Последние штрихи телесного и темно-коричневого для шапки, характерно сбившейся набекрень; капля лучезарно-синего для неба, чтобы показать лучик надежды и кусочек неяркого солнца, чтобы малыш всегда знал, что оно непременно появится. Даже после ливня.
— Ну держи, оценивай работу, — она повернула к нему холст, и в глазах мальчишки замерцали огоньки радости.
Затем за долю секунды его глаза потухли, словно бы огонь в них залили ледяной водой. Ирина не на шутку забеспокоилась. Ему не понравился портрет? Или ребенок думает о больной матери? Ни то, ни другое не было приятным для нее, но первый вариант был бы предпочтительнее.
— Простите, тетенька, — тихо произнес мальчуган, опустив глаза к сырой земле. — Я соврал вам.
— Мама у тебя не болеет? — укоризненно спросила она, уже имея желание отчитать сорванца за шутки с непростительными вещами.
— Болеет, — Дима расклеился окончательно, как подошва некачественных ботинок в такую погоду: с треском, жалобно, неожиданно. Слезы потекли по его перепачканным щекам, нос зашмыгал, и вот уже весь Арбат слушал эту грустную песню. — У меня нет денег, тетенька. Только эти, — он протянул ей в маленькой ладошке несколько монеток десяток. — Но я могу выполнять ваши поручения вместо денег.
Девушка горько усмехнулась, горечь так и смазывала ее губы кислым бальзамом. Бедный мальчик. Так на нее похож. Сеть трещинок покрыла ее сердце, все внутри зазвенело от жалости к ребенку. Она обняла его, крепко прижимая к себе, ощущая первые капли холодного дождя на лбу.
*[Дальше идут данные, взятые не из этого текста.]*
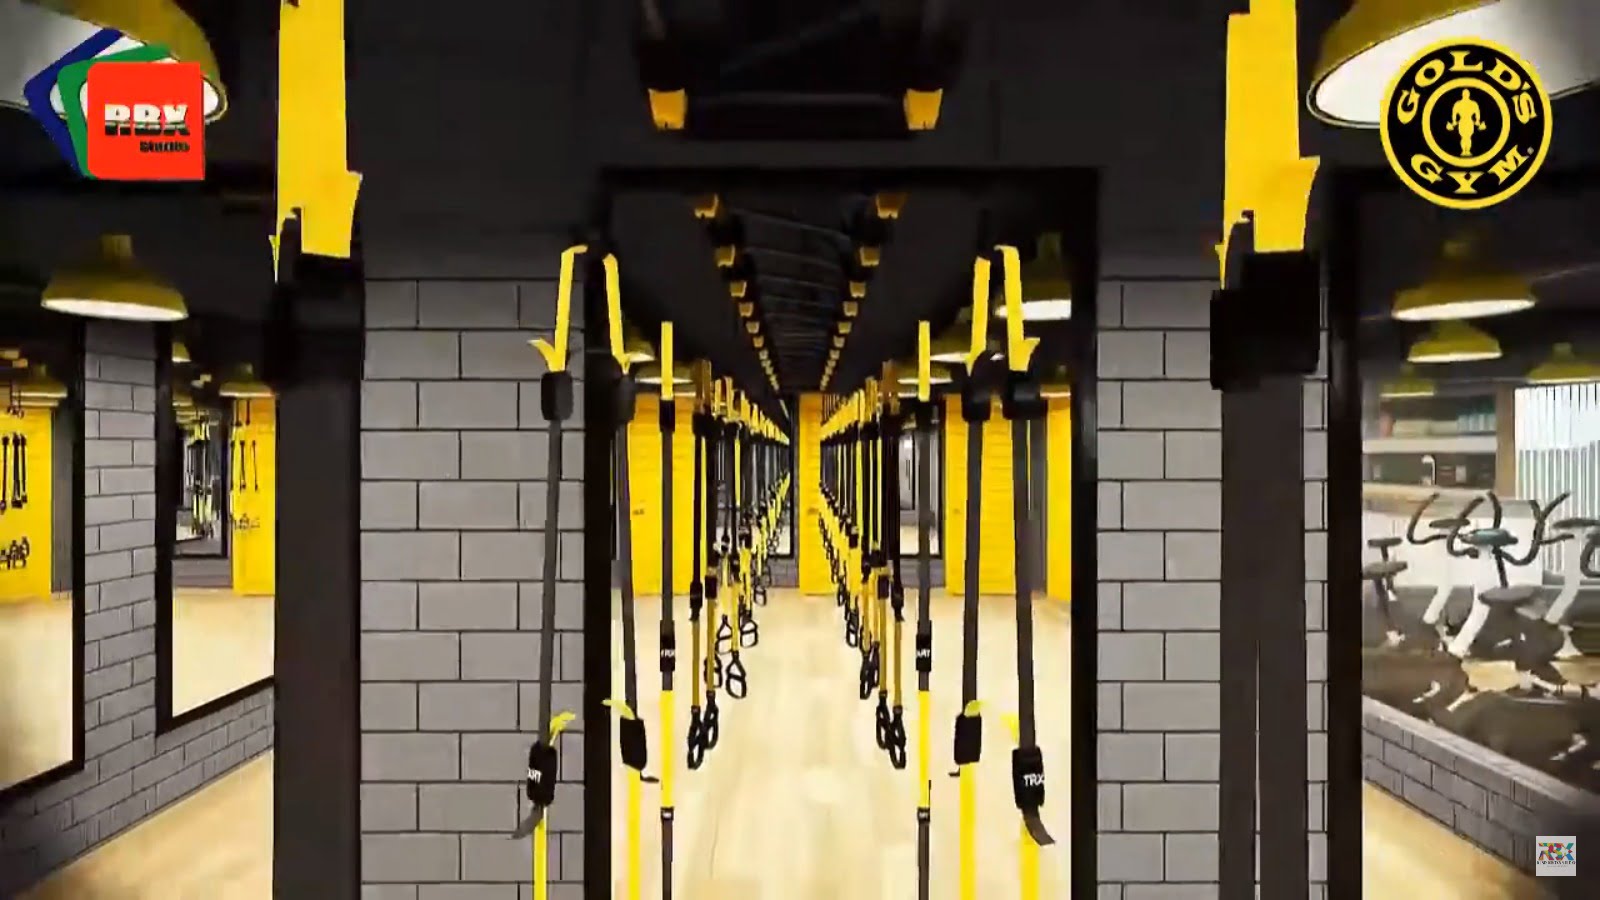 Gold's Gym 3d rendering by rbxstudio
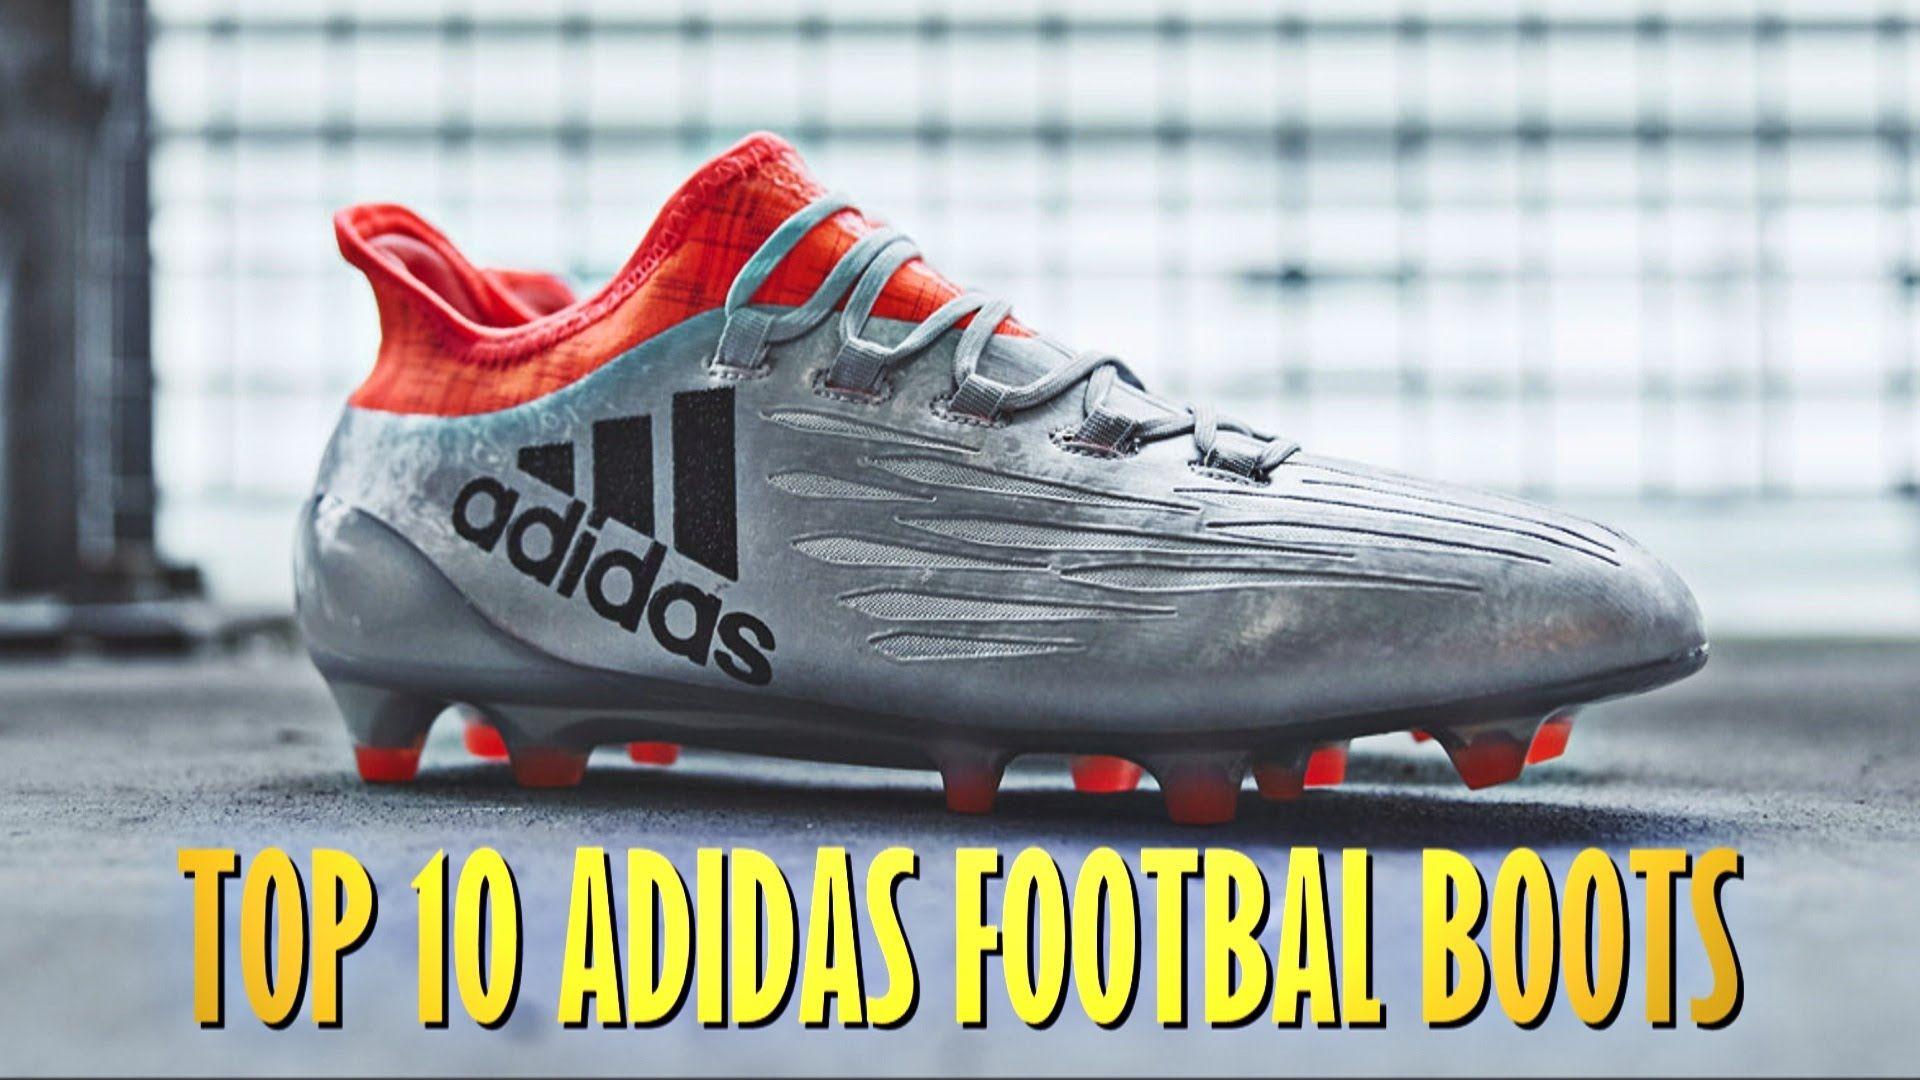 Top 10 Adidas Football Boots 2016

— Знаешь, Дима, я тоже много лгала в этой жизни, — ее шепот теплым дыханием коснулся щек мальчика. — И не бывает лжи во благо, хотя нам так часто порой кажется. Главное, чтобы рядом с нами всегда были люди, готовые простить нам нашу ложь.
— Вы простите меня?
— Мне тебя не за что прощать, мой хороший. — Ирина отпустила мальчика и завернула картину в бумагу, спасая ее от влажности. — Забирай и порадуй маму.
— Что я должен сделать взамен?
Она подумала с минуту; неприветливый дождь подгонял мысли, точно хилое суденышко по реке. Мальчишка выглядит не лучшим образом: грязный, промокший, шатается по улицам, возможно, не ел, готов выполнять любую работу взамен денег. К тому же мать болеет. Ему должно быть нелегко.
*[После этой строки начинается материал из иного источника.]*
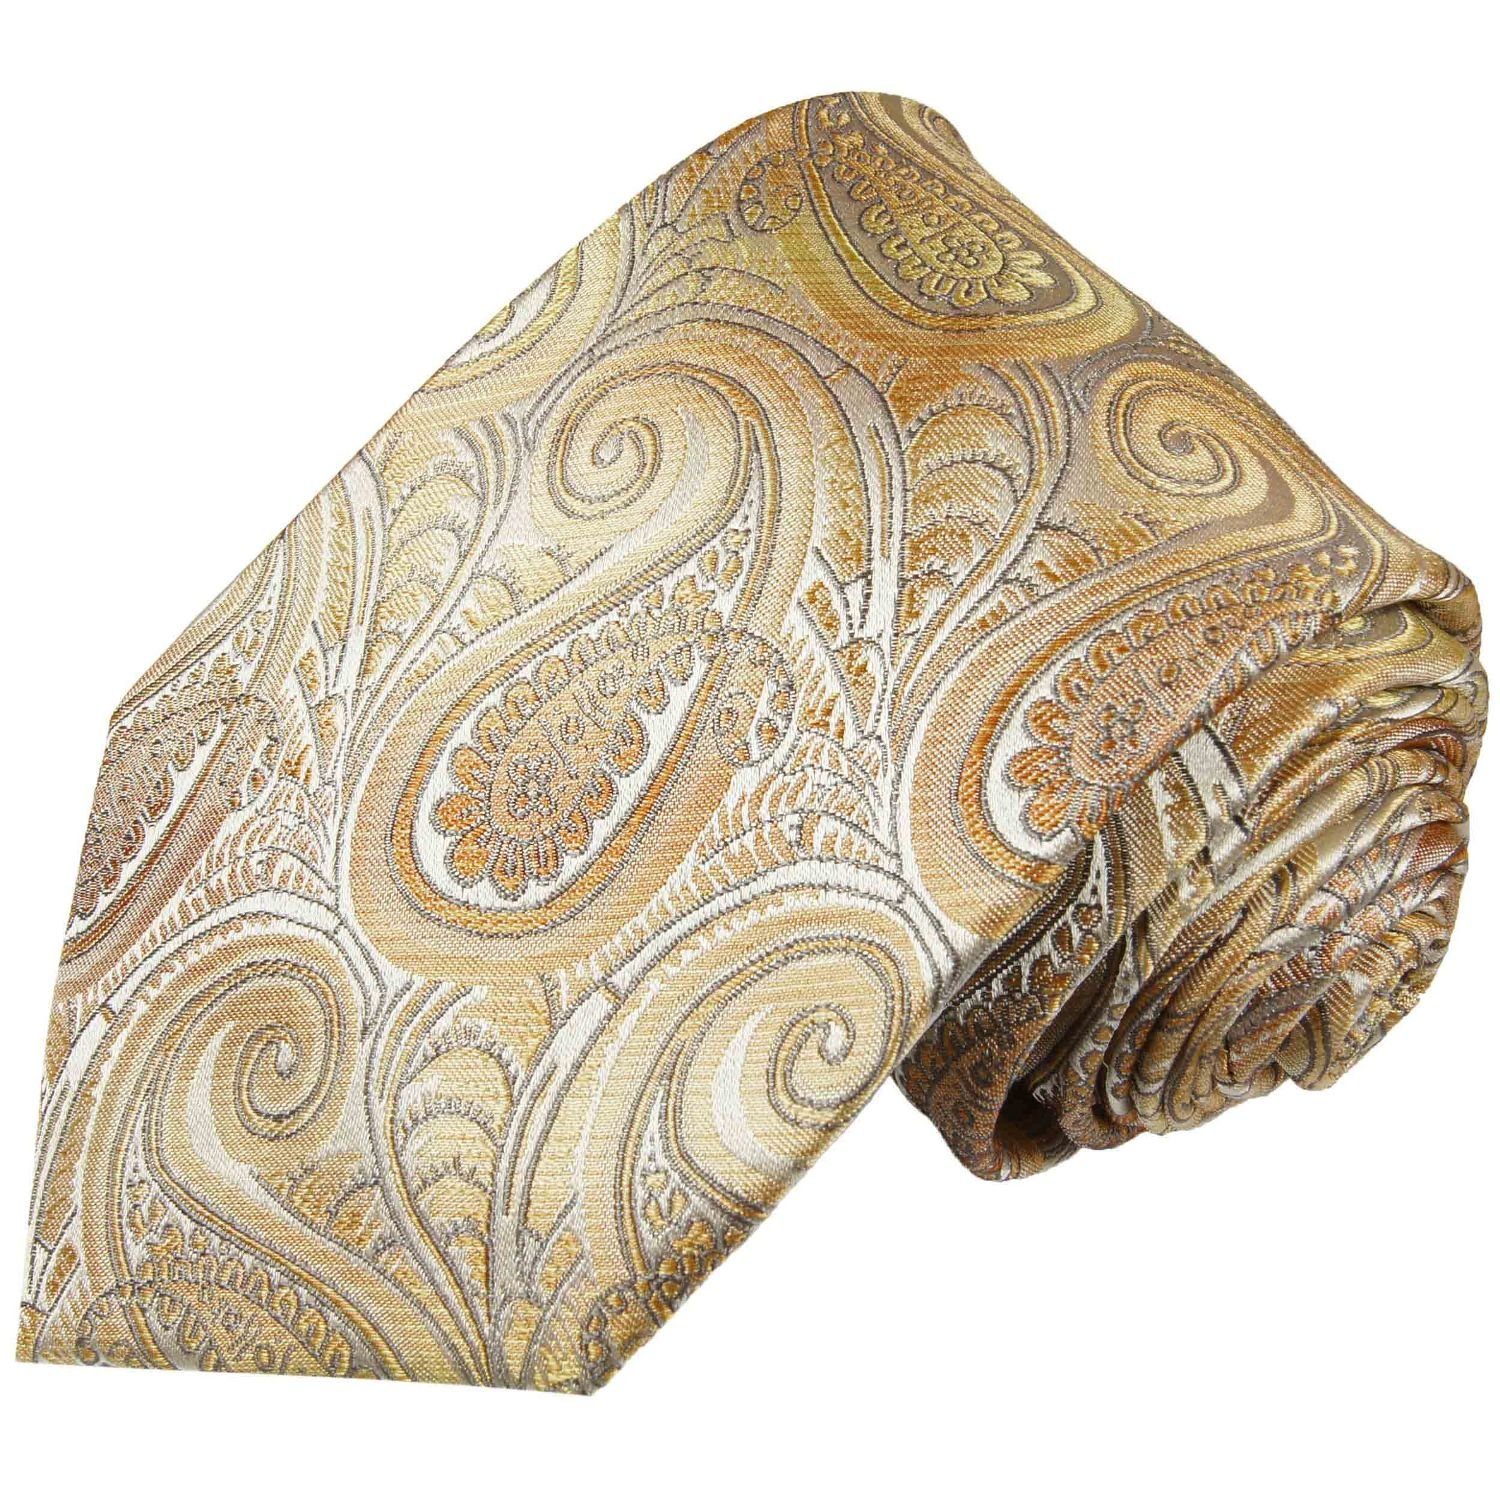 Paul Malone Krawatte Elegante Seidenkrawatte Herren Schlips paisley brokat 100% Seide Schmal (6cm), gelb braun 2010

— Я тебе сейчас скажу адрес, а ты должен будешь прийти по этому адресу завтра в четыре часа. Сможешь?
Ребенок охотно согласился, испытывая симпатию к незнакомке, которая так с ним добра. Вересова продиктовала ему адрес, еще пару раз переспросила, чтобы убедиться, что он запомнил, и отпустила мальчишку. Смотря вслед ему, несущему картину, она помнила огоньки в этих детских глазах. Пусть всегда в глазах наших детей будут лучами сиять добро и радость, пусть никогда они не познают всей боли этого мира.
Она собирала принадлежности, натянув на голову капюшон, когда сзади раздались голоса.
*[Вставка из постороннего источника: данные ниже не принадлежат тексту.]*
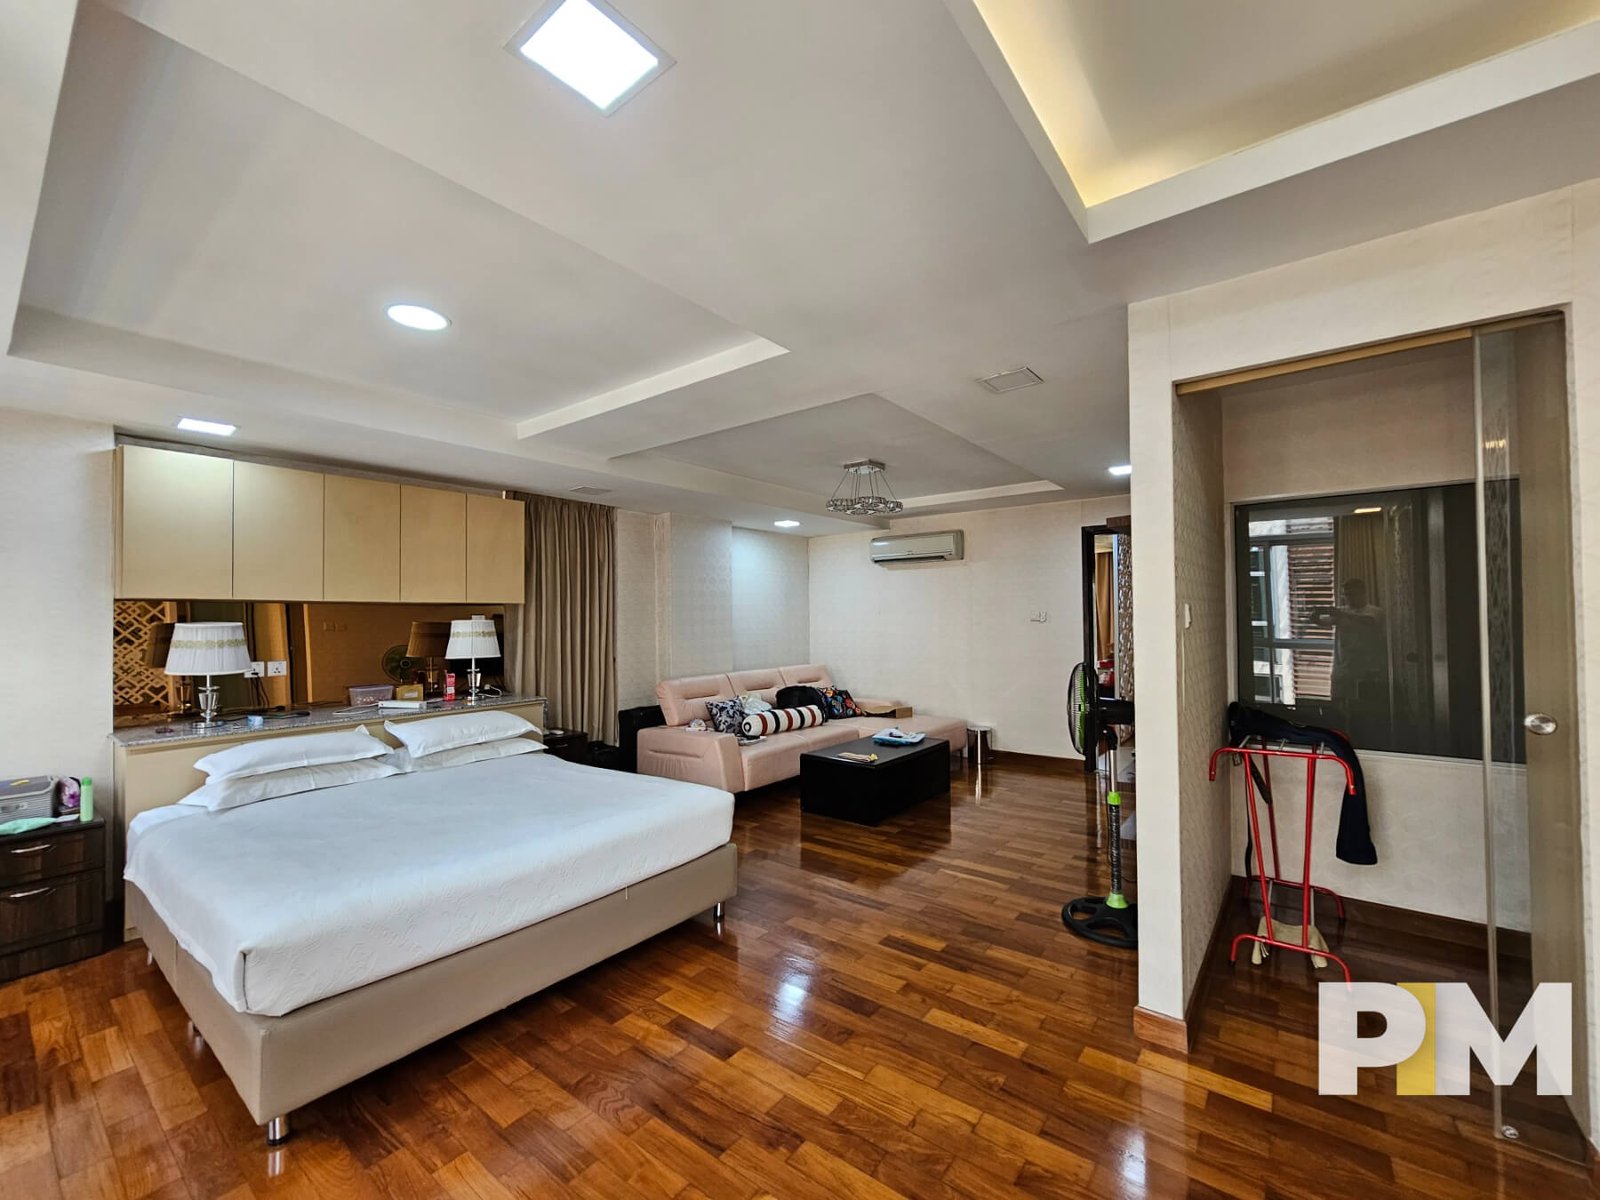 Bedroom area - Yangon Real Estate

— Как жаль, что вы уже собираетесь. Мы хотели заказать портрет, — вздохнула женщина.
— Дождь, — пожала плечами Ирина. — Приходите завтра в... Добрый день, — промямлила она, увидев за собой Волкова, стоящего под руку с Оксаной.
— Добрый, — неохотно поздоровался он, тоже не ожидавший встретиться с ней.
— Ирина, здравствуйте! — Оксана дружелюбно пожала ей руку, будучи действительно искренней. — Не знала, что вы тут рисуете.
— Балуюсь иногда.
— Должно быть, у вас много клиентов? Работы выставлены красивые.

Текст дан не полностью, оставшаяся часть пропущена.